EXERCISE AIM:
Using "Dimensions" as the search string, find the matching lines below and copy them.

RECORDED INFORMATION:
++++

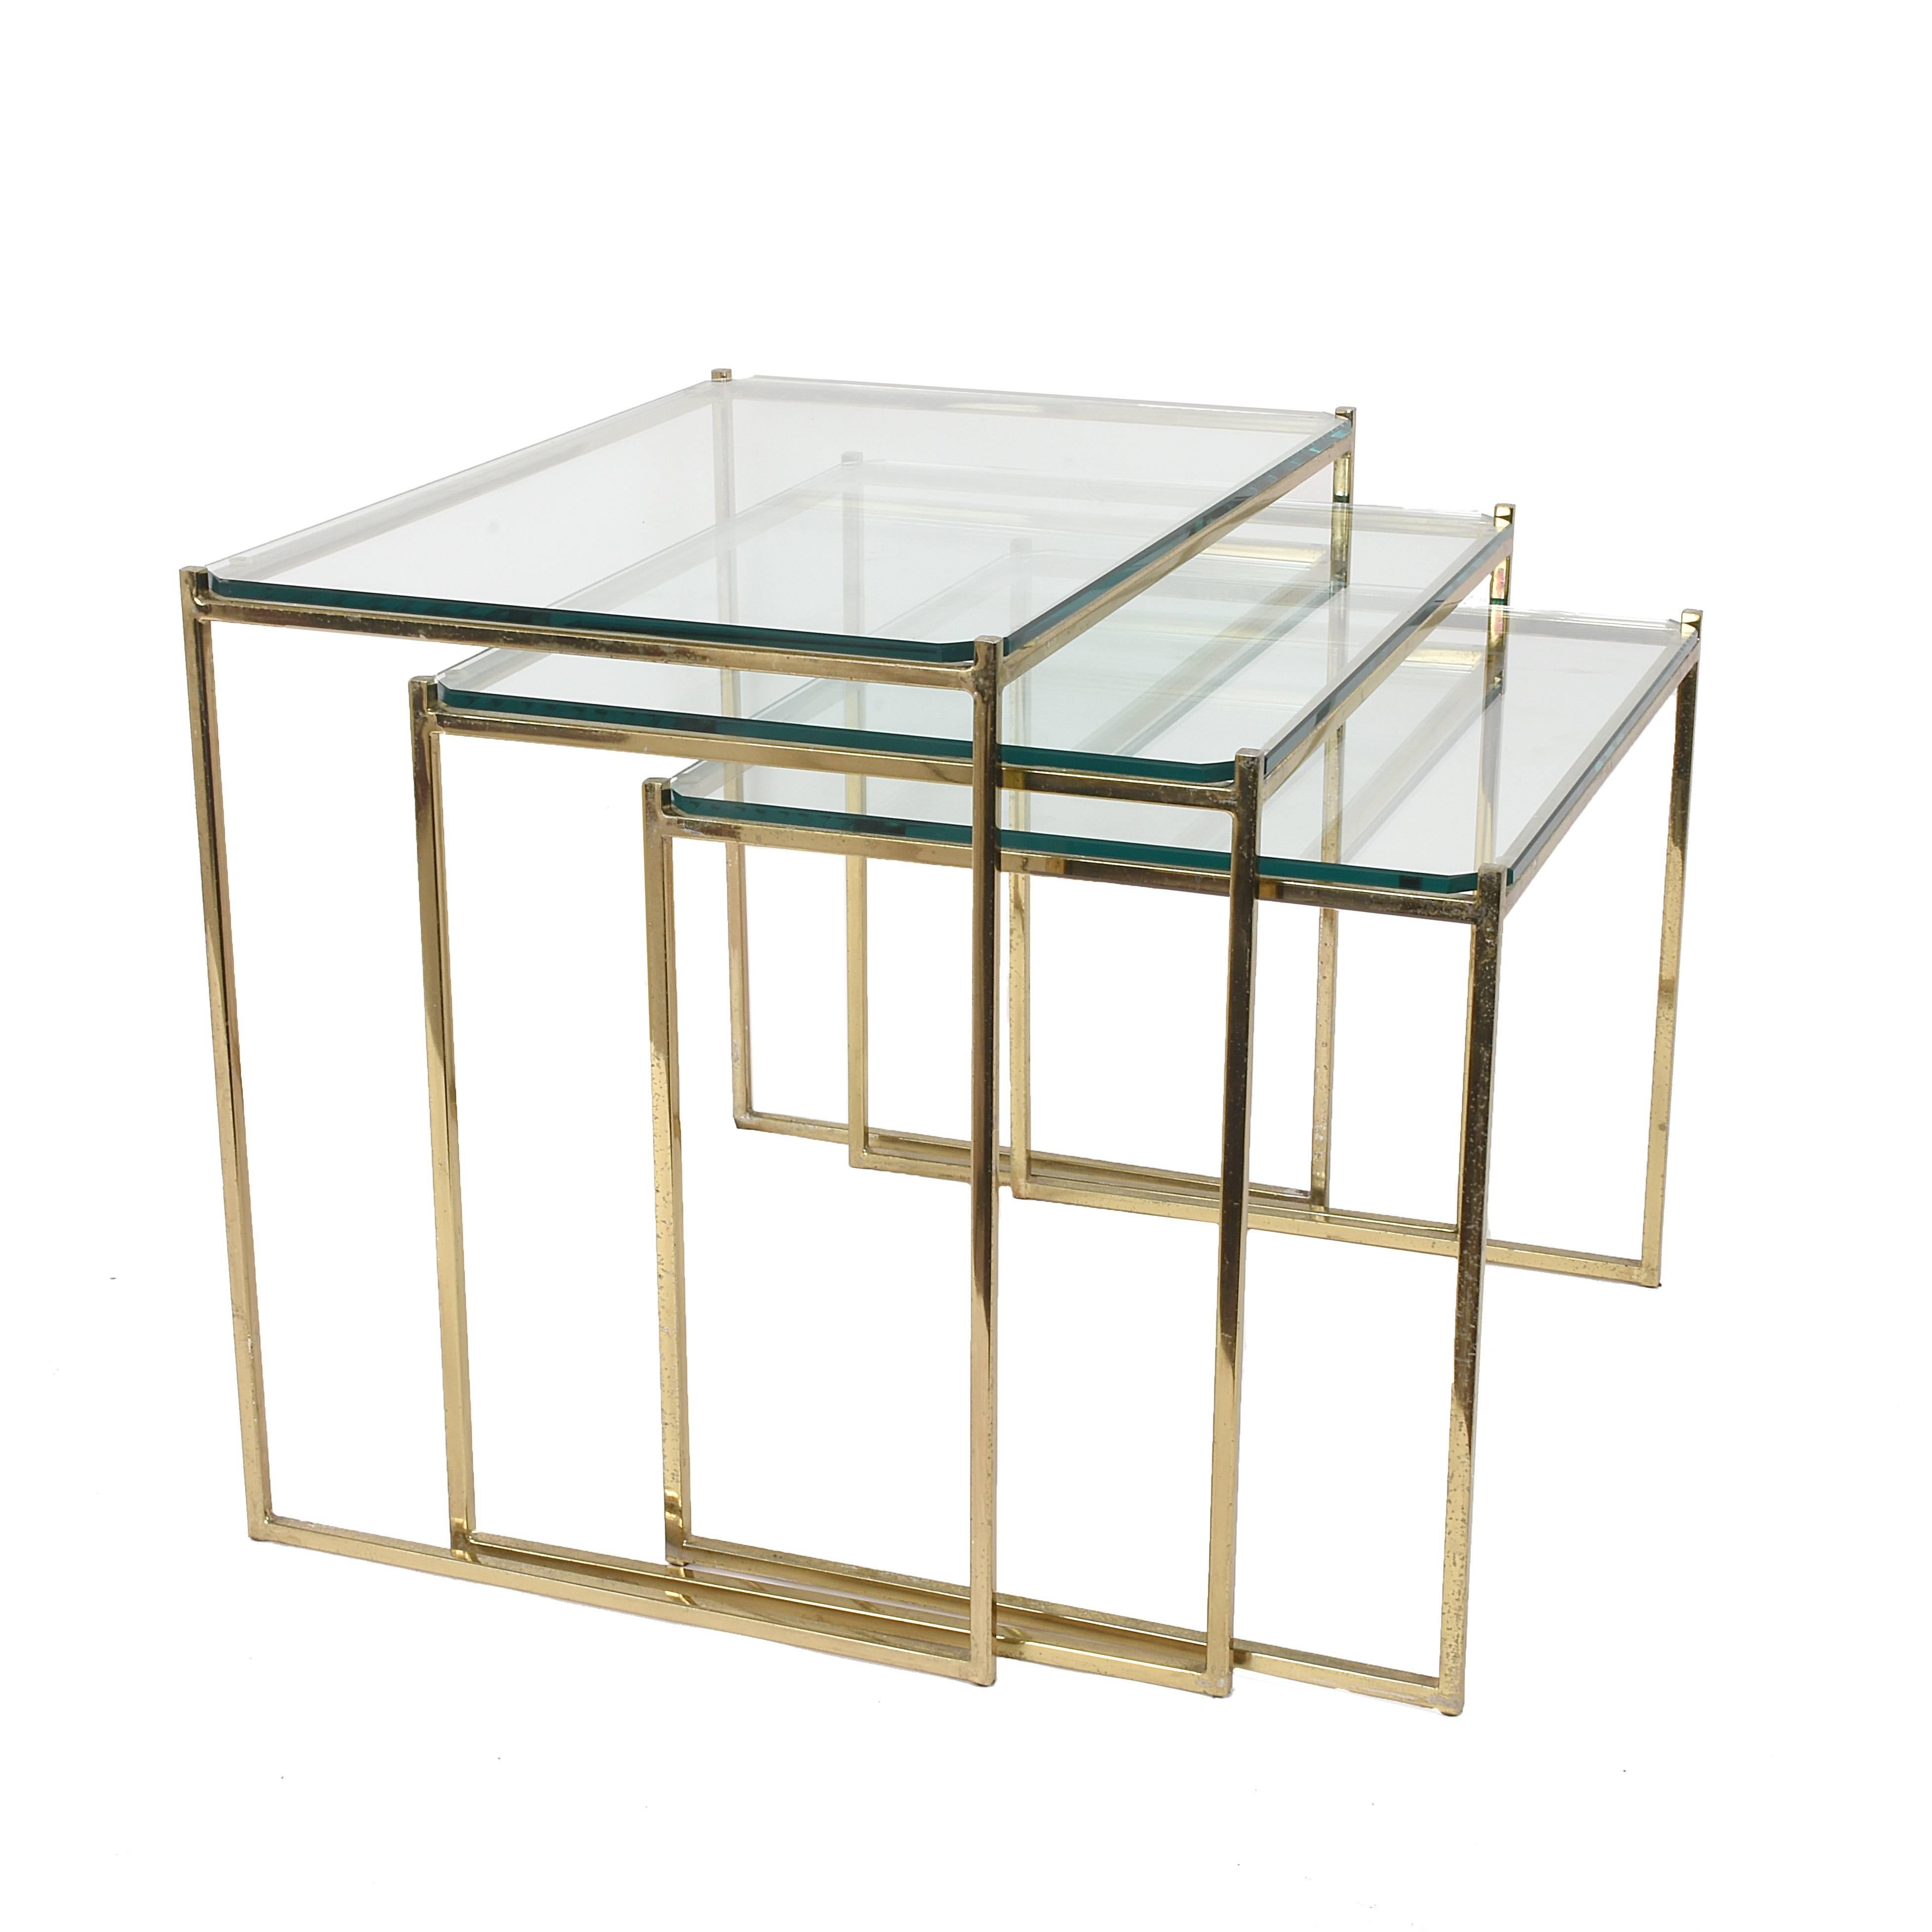 Nesting tables in brass and crystal Italy 1970s Mid-Century Modern 
Dimensions; Width 14.56, depth 21.25, height 18.11
Dimensions; Width 14.56, depth 16,14, height 16.33
Dimensions; Width 14.56, depth 18.30, height 14.37.

++++

EXERCISE RESULT:
Dimensions; Width 14.56, depth 21.25, height 18.11
Dimensions; Width 14.56, depth 16,14, height 16.33
Dimensions; Width 14.56, depth 18.30, height 14.37.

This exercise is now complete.